No art skills required: This robotic spray can paints giant murals

Robots have skills that range from cooking, cleaning, and driving, to health care and surgical practice — and now they’re painting giant artistic murals.

Researchers from Dartmouth University have developed a “smart” spray paint can that can recreate photos as large-scale murals.

The technique, a collaboration between ETH Zurich, Disney Research Zurich, Dartmouth College and Columbia University, employs computer tech that spray paints a photo, and can be used in digital fabrication, digital and visual arts.

The “smart” spray can system builds on computer-aided painting, which originated in the early 1960s. While spray paint is pretty easy to use, even skilled artists find it difficult to cover large surfaces to create giant murals.

'Smart' paint spray can robotically reproduces photographs as large-scale murals. (Image Credit: Wojciech Jarosz)
The left top image is the original.
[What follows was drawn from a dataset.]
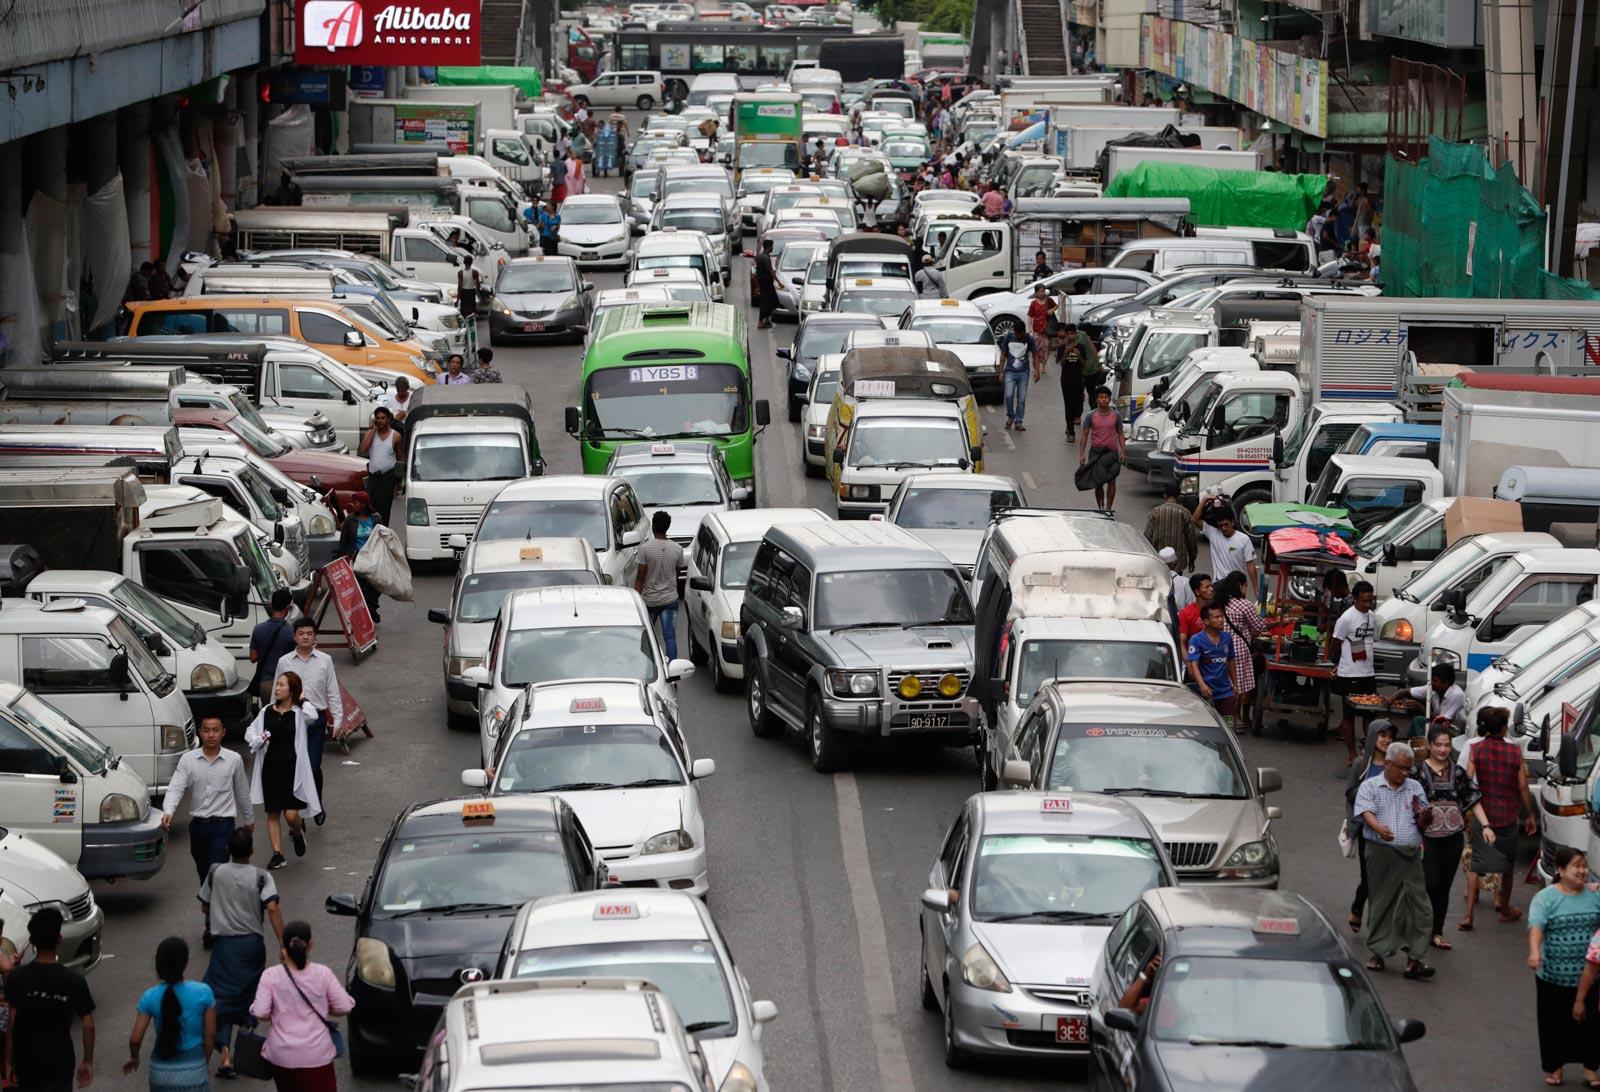 Traffic jam in downtown Yangon, May 2019. Photo: EPA/Lynn Bo Bo

The bottom image was reproduced by the robotic spray can.(Image Credit: Wojciech Jarosz)

The computer-aided system uses an ordinary paint spray can and tracks the can’s position in relation to the wall or canvas. Then it recognizes what image it “wants” to paint. It is the human that waves the pre-programmed spray can around the canvas, but it’s the system that automatically operates the spray on/off button in order to reproduce the specific image as a spray painting.

The researchers’ prototype is quick and lightweight and includes two webcams and QR-coded cubes for tracking, as well as a small actuation device for the spray can, attached via 3D-printed mount.
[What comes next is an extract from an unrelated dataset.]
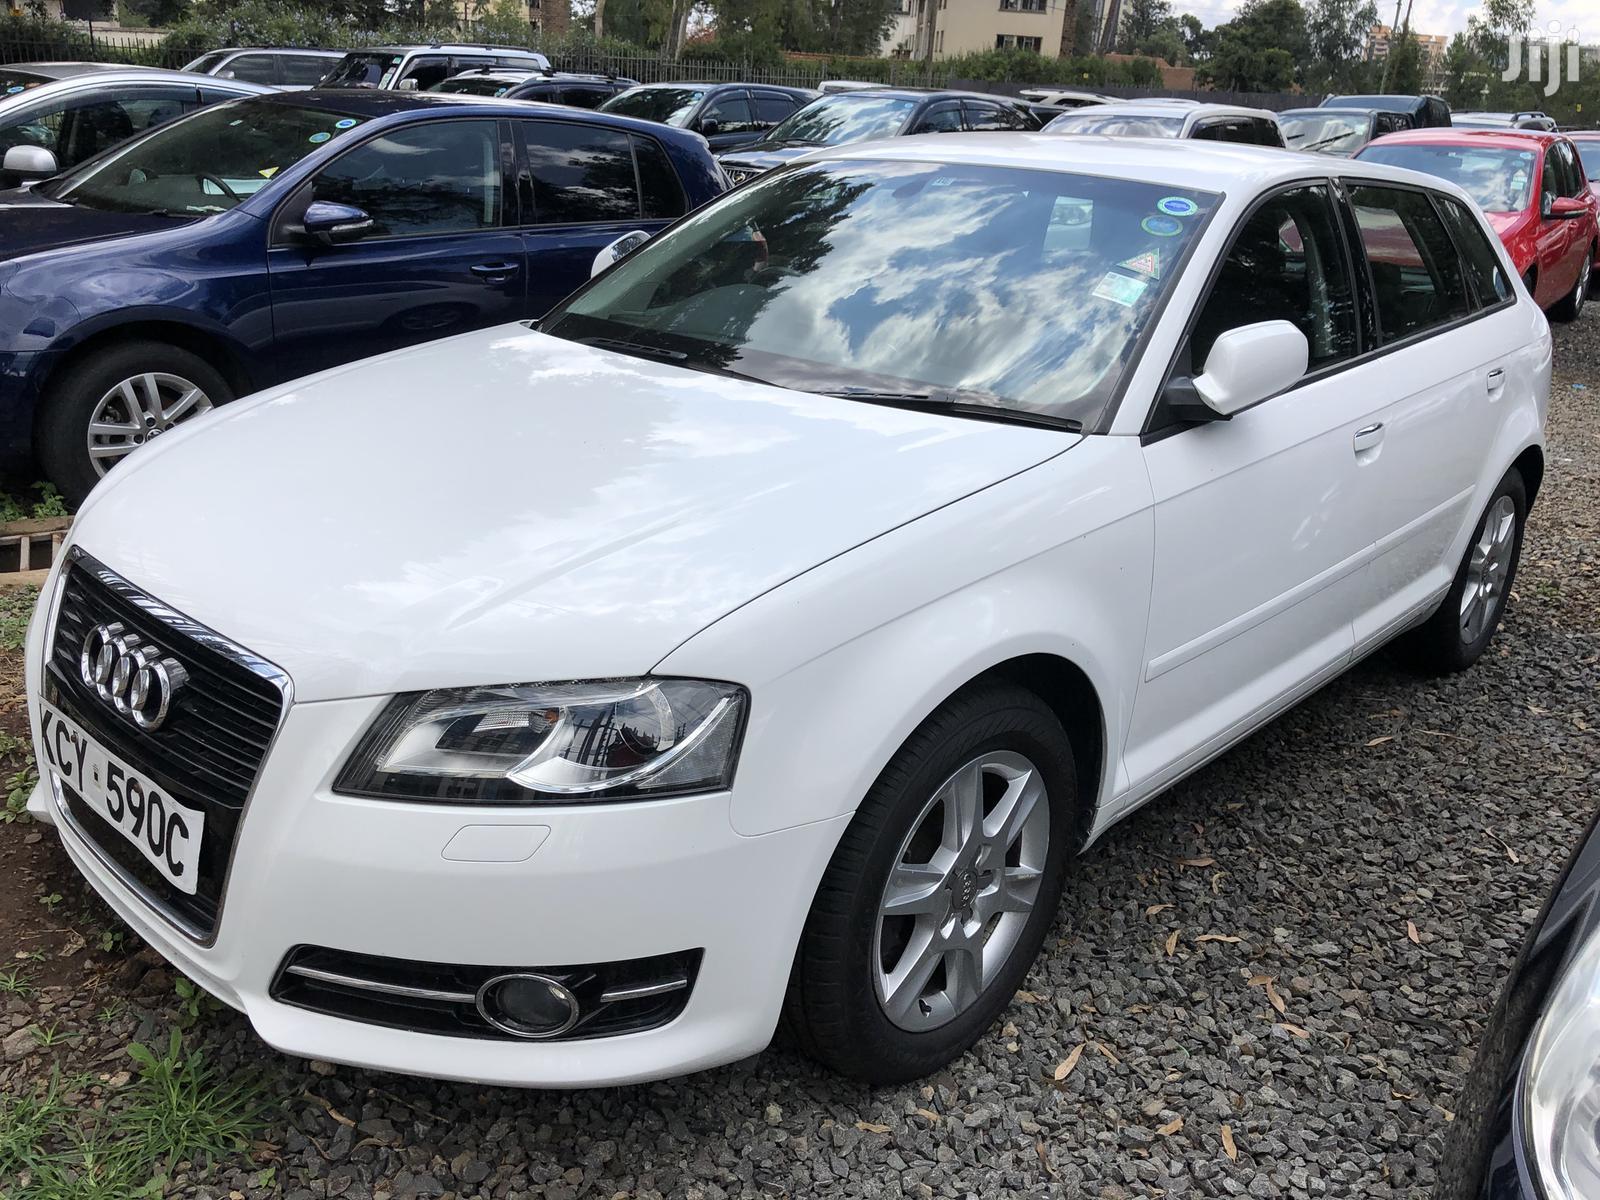 Audi A3 2012 1.4 TFSi White

Paint commands are relayed using a radio that’s directly connected to a servo-motor operating the spray nozzle. The real-time algorithm determines the optimal amount of paint of the current color to spray at the spray can’s tracked location on a nearby computer.

In reality, the painter doesn’t even need to know what the image was beforehand because the painting will reveal itself as he or she waves the can around.
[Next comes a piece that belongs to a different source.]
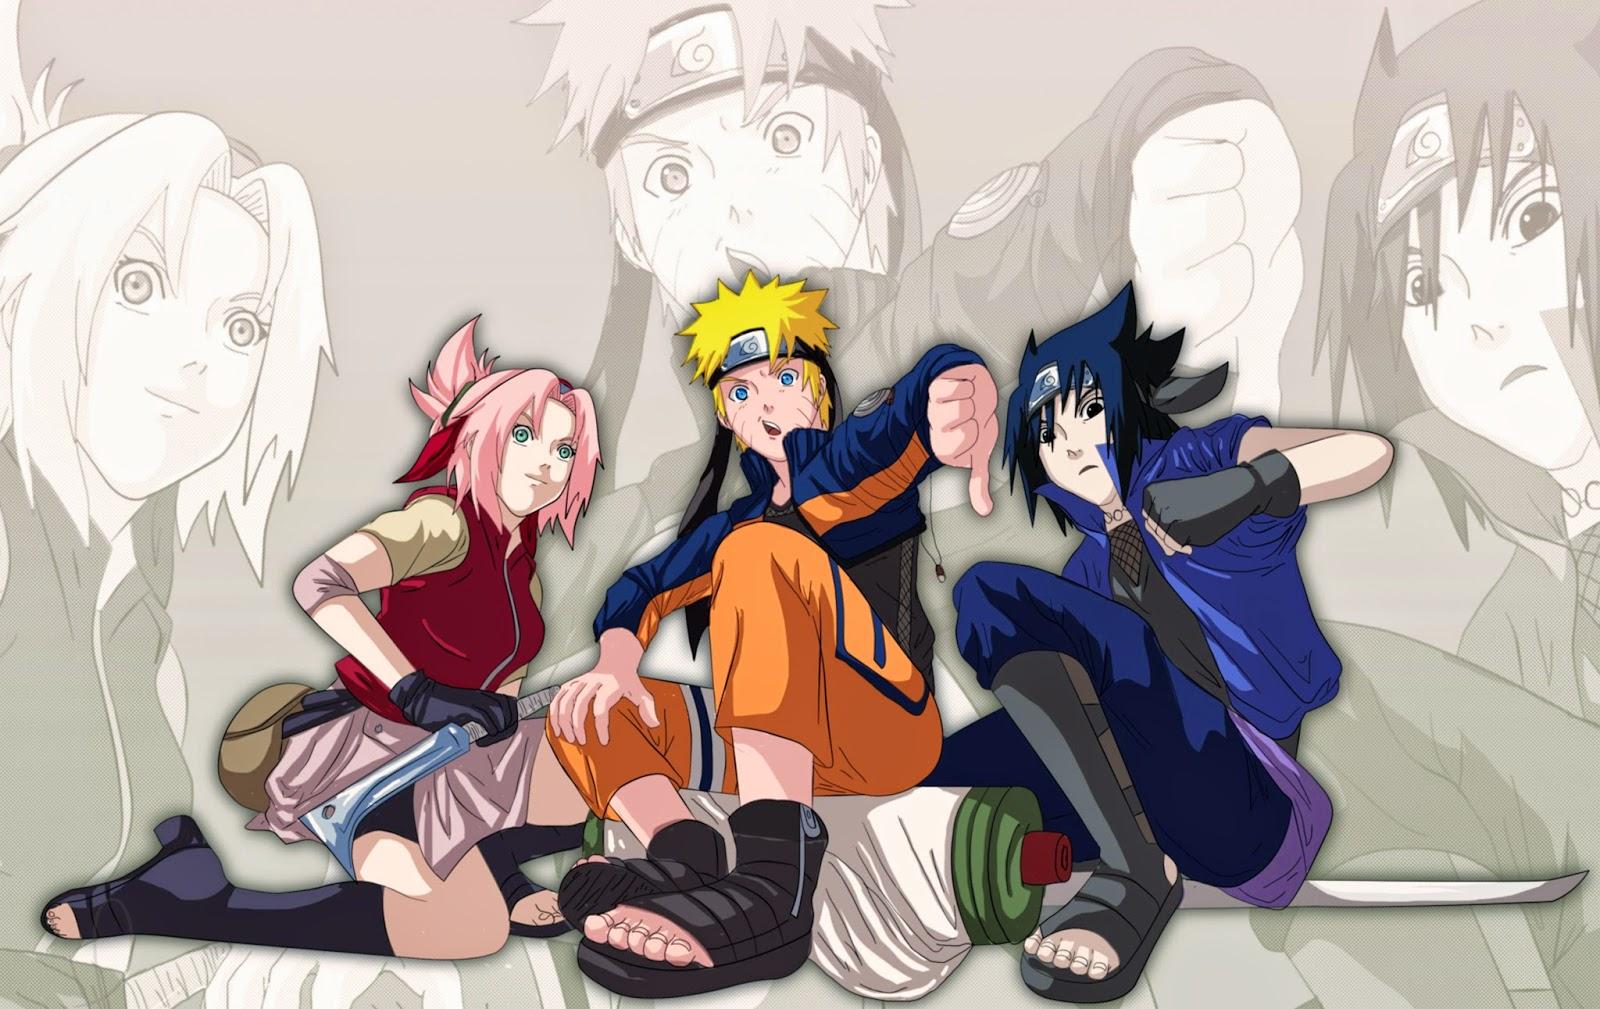 Gambar Naruto VS Sasuke - Kumpulan Gambar Terbaru

“Typically, computationally-assisted painting methods are restricted to the computer,” said Wojciech Jarosz, an assistant professor of computer science at Dartmouth who previously was a senior research scientist at Disney Research Zurich. “In this research, we show that by combining computer graphics and computer vision techniques, we can bring such assistance technology to the physical world even for this very traditional painting medium, creating a somewhat unconventional form of digital fabrication. Our assistive approach is like a modern take on ‘paint by numbers’ for spray painting. Most importantly, we wanted to maintain the aesthetic aspects of physical spray painting and the tactile experience of holding and waving a physical spray can while enabling unskilled users to create a physical piece of art.”

The researchers tested the automated painting system on large sheets of paper the size of giant murals. Currently the technique can only be used on flat surfaces, but the researchers believe that future work may include enabling it to be used on more complicated surfaces.